I just saw the very interesting and inspiring interview on the emerging programming language Scala. Normally, I don’t like interviews alot (I rather read), but I got this link recommended by a collegue. The interview is with Martin Odersky, someone who I didn’t know but apparently worked on the creation of Scala, at his university in Switzerland.
I was already very interested on Scala, but the few things I have with the language was downloading the Scala plugin for Eclipse and playing with the interpreter. I created a Hello World program, but that’s not alot.
I am very keen on writing some useful program with it. Unfortunately, I don’t have that much time and it’s a bit hard to find the discipline in the evening and weekends to work on learning a new language.
The article is quite inspiring, and informative. Scala, resembles Haskell a lot, a purely functional language. I used the language a lot at my university. I hated it and loved it, as the language has many fine features, but it’s also very hard to develop anything practical. One of the nice (and hard) features of Haskell are, you’ll need to write only few lines of code to perform already quite a lot.
Popular demonstrations in Haskell are display of recursive functions, like Fibonacci.
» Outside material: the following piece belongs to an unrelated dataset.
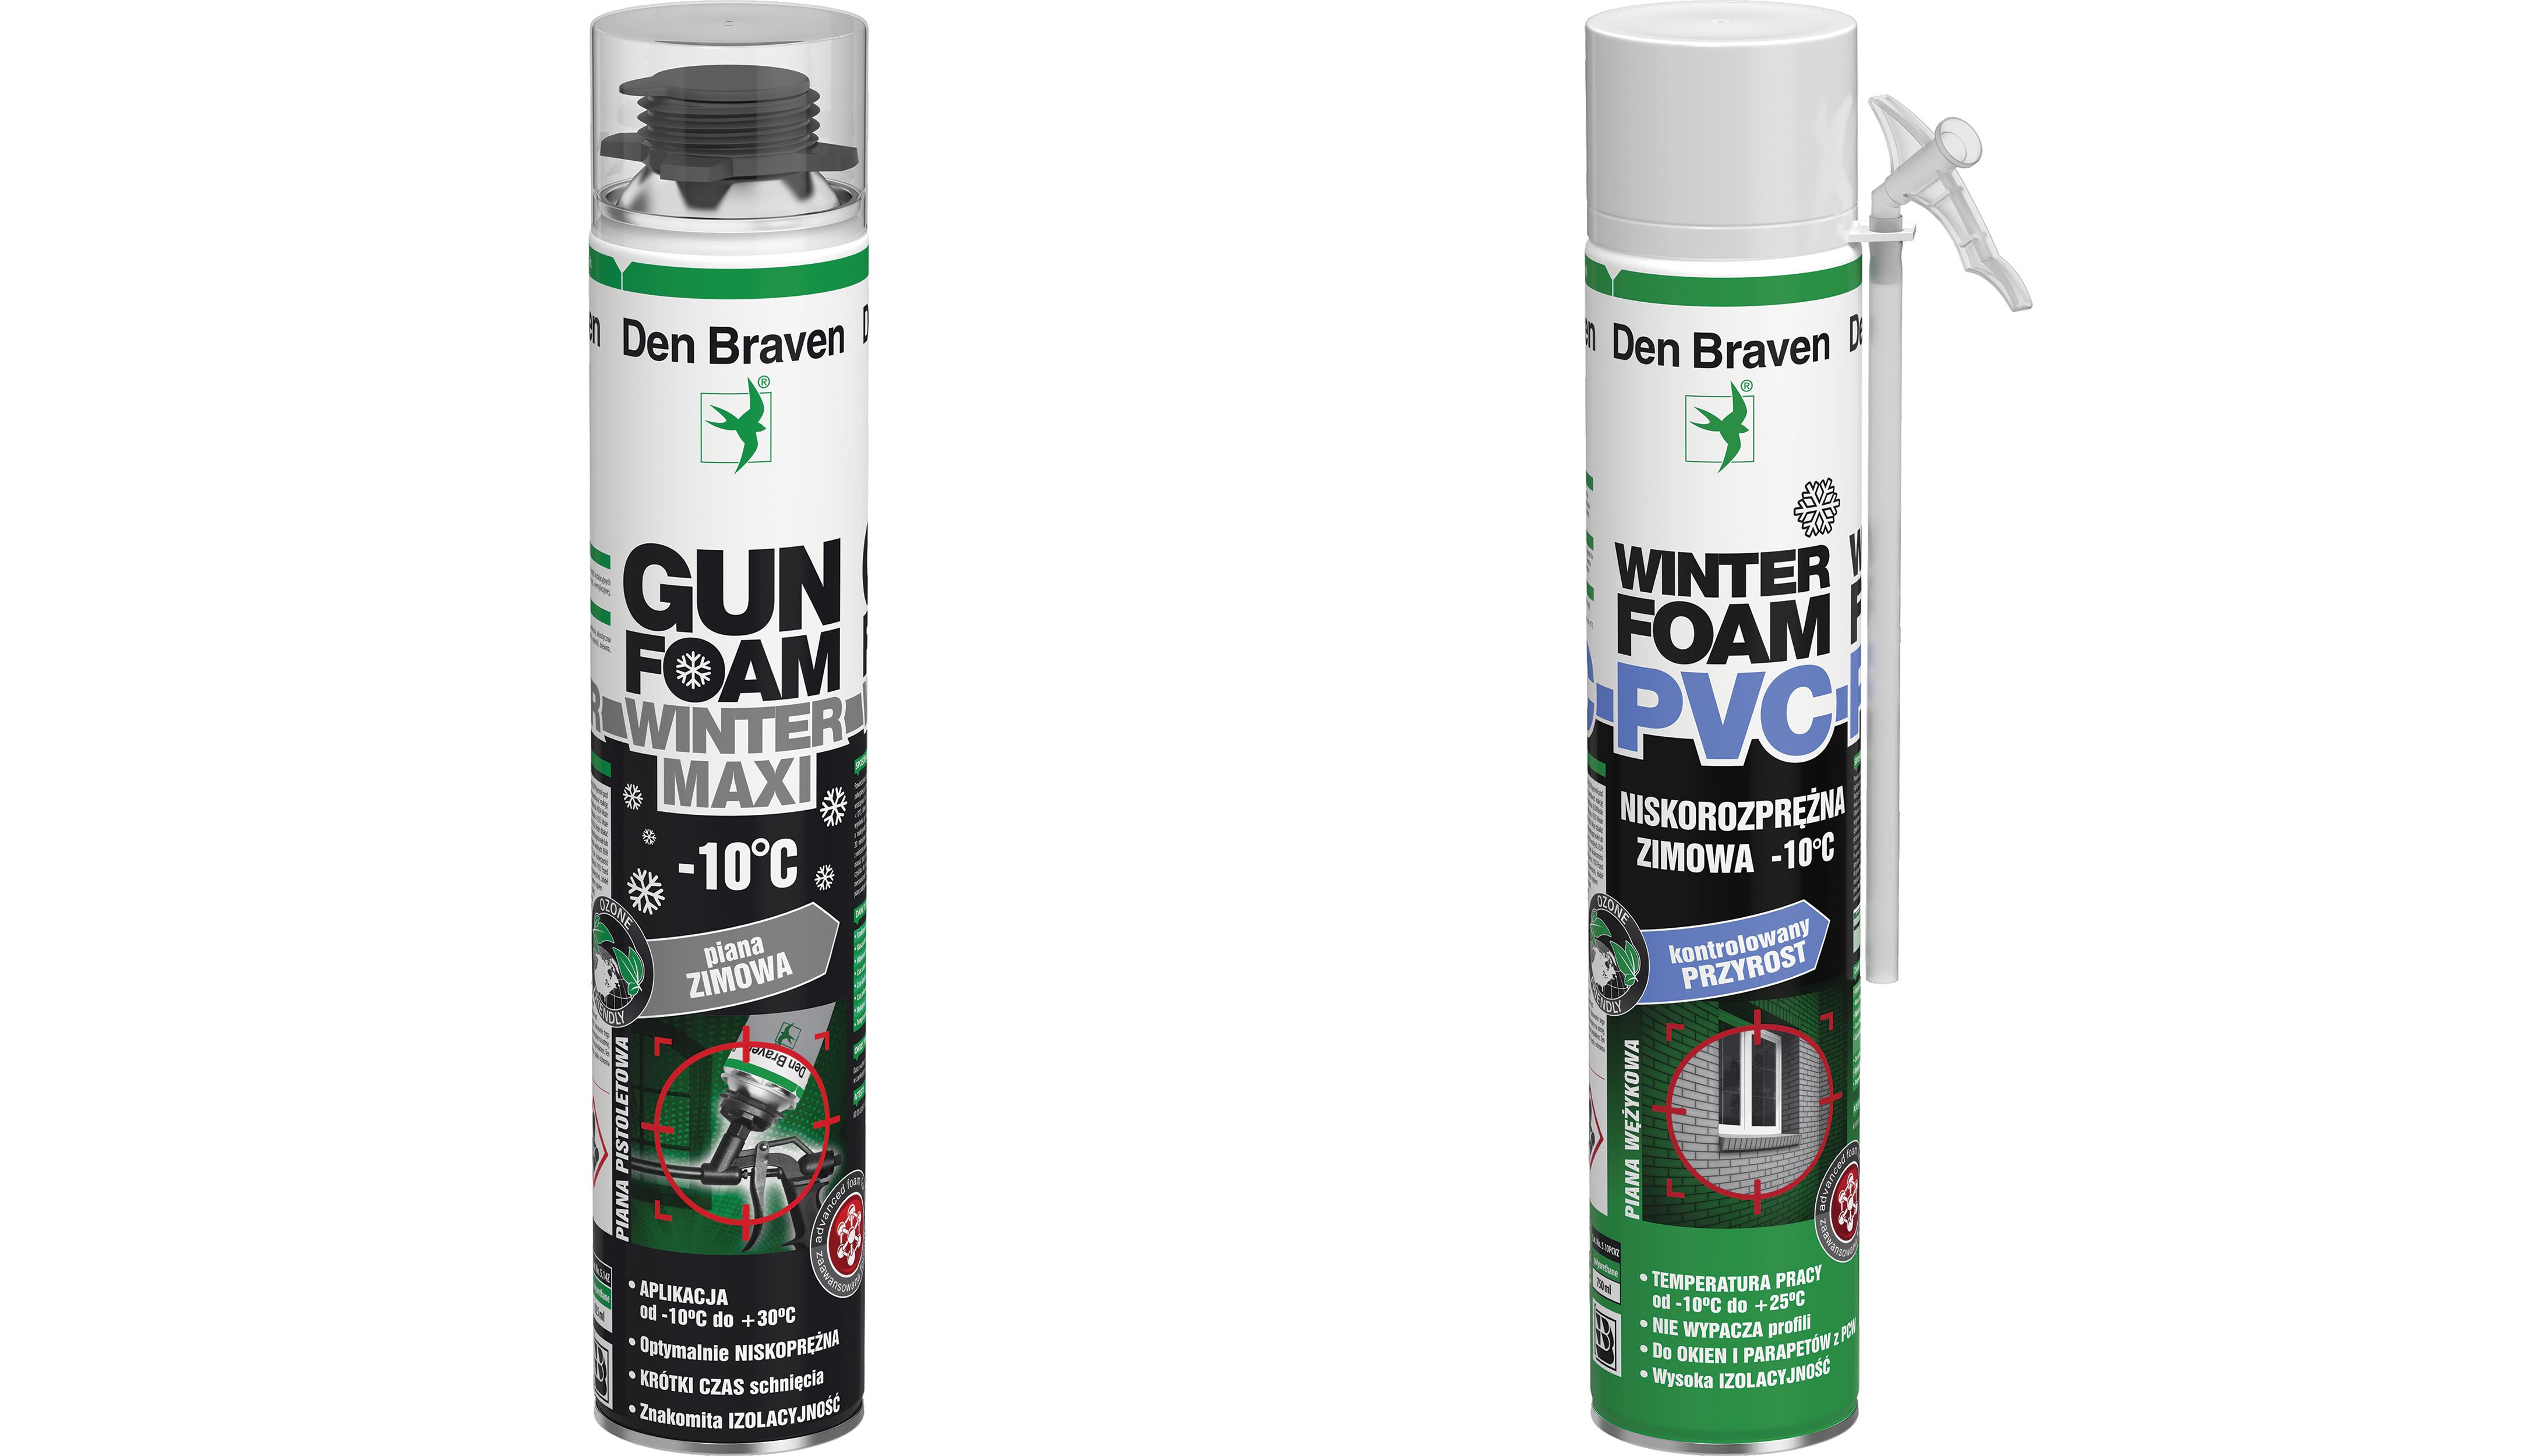 ZMIEŃ PIANY NA ZIMOWE – GUN FOAM WINTER I WINTER FOAM PVC MARKI DEN BRAVEN

Let’s try this in Scala, to create a function that produces the n’t number of a Fibonacci row. With a bit of help of the web on the syntax of Scala (lots of tutorials) and the definition of Fibonacci (sigh), I produced this:
package gerbrand;
object TestMe {
def fib(n : Int):Int =
if (n==0)
1
else if (n==1)
1
else
fib(n – 2)+fib(n-1)
def main(args : Array[String]) : Unit = {
print (“Fibonacci: “)
for (n <- 0 to 10)
print (fib(n)+” “)
}
}
Looks pretty neat. The syntax is quite different from Java (it’s also a completely other language), but the program still runs inside the JVM. Java classes, components can be accessed from Java, so you can also use that).
There’s a link to a book on Scala. I’m tempted to buy it, unfortunatelly there’s only an online, and it’s still work in progress.
I wondered if there’s already a Scala on Rails. After some very short searching, I found Lift (also mentioned in the interview). Looks cool from what I see in the code. Unfortunatelly, I can’t get the samples to run, seems the Maven repositery seems currently to miss jetty and the scala repository seems down. Let’s try tomorrow.